I hope you find this post helpful.
I hope you enjoy the WordReference forums


----------



## Dimcl

Lovely R said:


> I came across a sentense where 'I hope' is followed by Present Simple:
> 
> 'I'll be abroad. I hope the party goes well.'
> 
> Is there a difference between this one and 'I hope the party will go well'?


 
I'm not sure what you mean by "Is there a difference?".  Either way, he hopes that the party is a good one!


----------



## Lexiphile

Interesting question, Lovely.

Although the party is quite clearly in the future, "I hope the party will go well" seems very strange.  Perhaps the reason is that, when the party is actually going well, it is in the present.


----------



## Lovely R

panjandrum said:


> The difference is that "... goes well," sounds more natural
> I hope you find this post helpful.
> I hope you enjoy the WordReference forums


Yes, I've already found your post as well as the whole forum very helpful


----------



## Lovely R

Lexiphile said:


> Interesting question, Lovely.
> 
> Although the party is quite clearly in the future, "I hope the party will go well" seems very strange.


I know, it's natural for you as a native speaker to say like that not pondering on the tenses, but is there any rule, that's the question.
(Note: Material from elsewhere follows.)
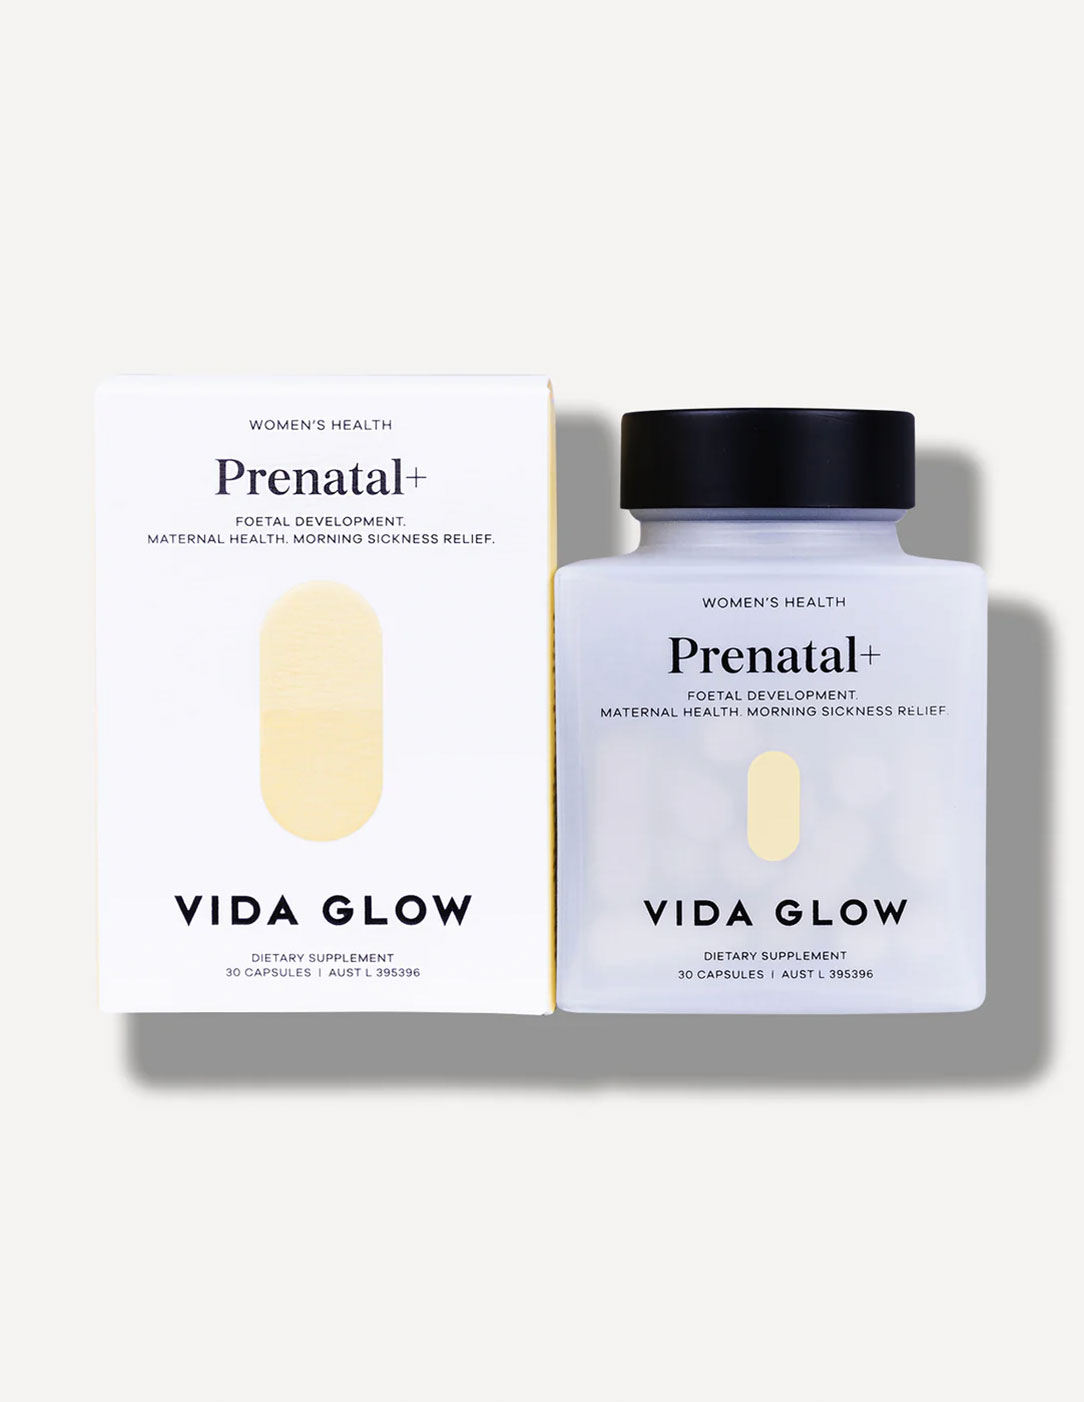 Vida Glow’s Prenatal+ supplement support preconception and pregnancy health

I ran into phrases both with Future and Present after 'I hope', that's why I'm wondering.


----------



## Lexiphile

No rules that I know of.
Most rules in English were created "after the fact," to describe what was already common usage.  And it is the fact that this "common usage" seems to violate whatever rules there are that makes your question interesting.  You can say it with the future tense, but we just don't (usually).

English is full of anomalies and "why" questions that simply cannot be answered.  That's why this forum is such fun -- it gives bored and long-winded foreros a chance to write reams and reams of theory about why we say "A" instead of "B."


----------



## sound shift

Sometimes "hope" *is *followed by the future tense:

"I hope you'll come to the meeting."

I cannot point to a grammatical rule because I was never taught any grammatical rules about the tense that should follow "hope". All I can suggest, Lovely R, is that you refer to a good manual of English grammar.


----------



## Thomas Tompion

But in Sound Shift's case one could also say I hope you come to the meeting.

I can't think of a case (that doesn't mean there isn't one) where the future is mandatory, and can't be replaced with the present. Even if the future is very distant:

I know that in five years time you are planning to come to Australia. I hope that when you are here you will come to see me - one could perfectly well say you come to see me.

P.S. It occurs to me that when the hope is for something negative and the hope is in the nature of a command or warning that the future and present aren't really interchangeable:

I hope you won't smoke in your bedroom isn't the same as I hope you don't smoke in your bedroom.

Interestingly from the point of view of sequence of tenses when we say I hoped we usually need the conditional in the clause:

I hoped you would come to see me.


----------



## sound shift

Thomas Tompion said:


> But in Sound Shift's case one could also say I hope you come to the meeting.



I quite agree, Thomas, but I'm wondering whether "I hope you come to the meeting" means exactly the same as "I hope you'll come to the meeting". I think I sense in the latter an element of pleading ("Please come to the meeting"). I do not sense this element in the former. Or am I imagining things?


----------



## Thomas Tompion

sound shift said:


> I quite agree, Thomas, but I'm wondering whether "I hope you come to the meeting" means exactly the same as "I hope you'll come to the meeting". I think I sense in the latter an element of pleading ("Please come to the meeting"). I do not sense this element in the former. Or am I imagining things?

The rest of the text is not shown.